Seit 1999 stand der Denkmaltag erstmals unter einem Motto. Ziel der Schwerpunktthemen ist es, den regionalen und lokalen Veranstaltern immer wieder neue Impulse und Anregungen für den Tag des offenen Denkmals zu geben. Rund die Hälfte aller Veranstaltungen 2011 steht unter dem diesjährigen Motto “Romantik, Realismus, Revolution – Das 19. Jahrhundert”. Damit widmet sich der Denkmaltag einer der stilistisch vielseitigsten und an technischen Neuerungen reichsten Epoche der Bau- und Kunstgeschichte. Politisch wie gesellschaftlich war das 19. Jahrhundert von Umbrüchen geprägt: Durch die napoleonischen Kriege und den Rheinbund wurde das Heilige Römische Reich Deutscher Nation handlungsunfähig und erlosch. Napoleons Einfall, die Neuordnung Europas im Wiener Kongress 1815 und die Reichsgründung 1871 brachten weit reichende strukturelle Veränderungen mit sich. Wirtschaftliche Blüte, verbesserte Reisewege und Transportmittel machten das Reisen im 19. Jahrhundert vielen Künstlern und Wissenschaftlern möglich. Ideen und Stile wurden neu miteinander kombiniert und über die Landesgrenzen hinaus ausgetauscht. Die wissenschaftliche Beschäftigung mit der eigenen Geschichte sowie deren romantische Verklärung führten in Architektur und bildender Kunst zu einer Rückbesinnung auf die Formensprache der Vergangenheit: Von der Kunst der Antike bis zum Barock wurden die unterschiedlichen Elemente miteinander verbunden und quasi neue Stile entwickelt. Die Beschäftigung nicht nur mit der klassischen Antike, sondern insbesondere mit den regionalen archäologischen Hinterlassenschaften war gleichzeitig die Geburtsstunde der modernen Archäologie. Die Industrialisierung und die damit verbundene Landflucht verursachten tiefgreifende Veränderungen in der Baukultur der Städte.

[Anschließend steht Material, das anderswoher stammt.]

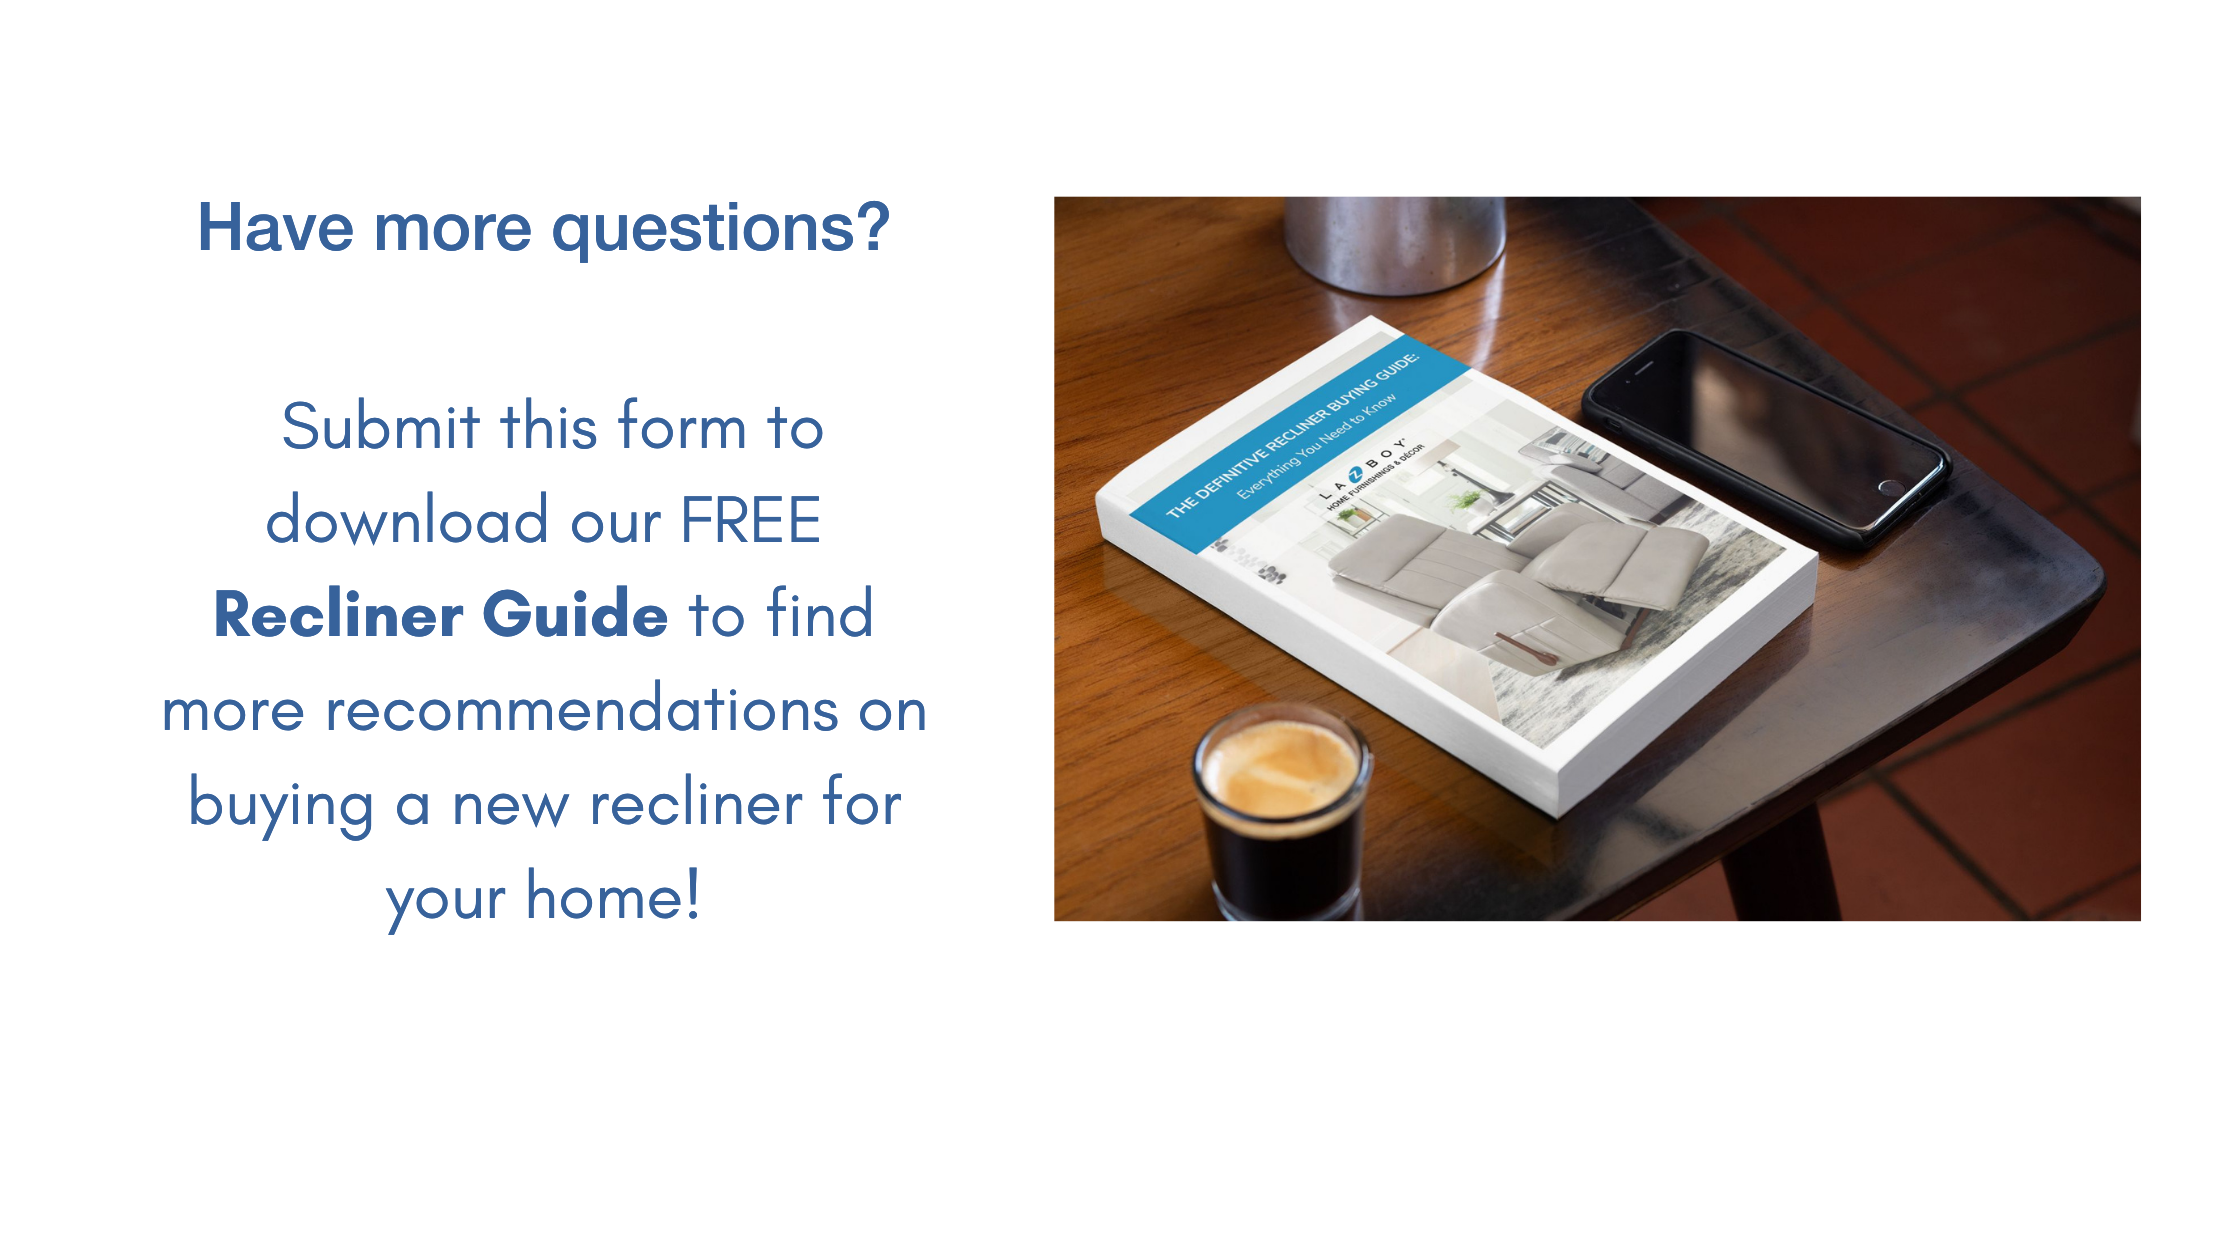 Have more questions Submit this form to download our FREE Furniture Guide to find more recommendations on buying new furniture for your home!

Im Folgenden möchten wir Ihnen eine Auswahl der Veranstaltungen zum Tag des offenen Denkmals entlang der Burgenstraße vorstellen. Mehr

Informationen über den bundesweiten Tag des offenen Denkmals mit vielen Hintergründen und dem vollständigen Programm gibt es unter www.tag-des-offenen-denkmals.de.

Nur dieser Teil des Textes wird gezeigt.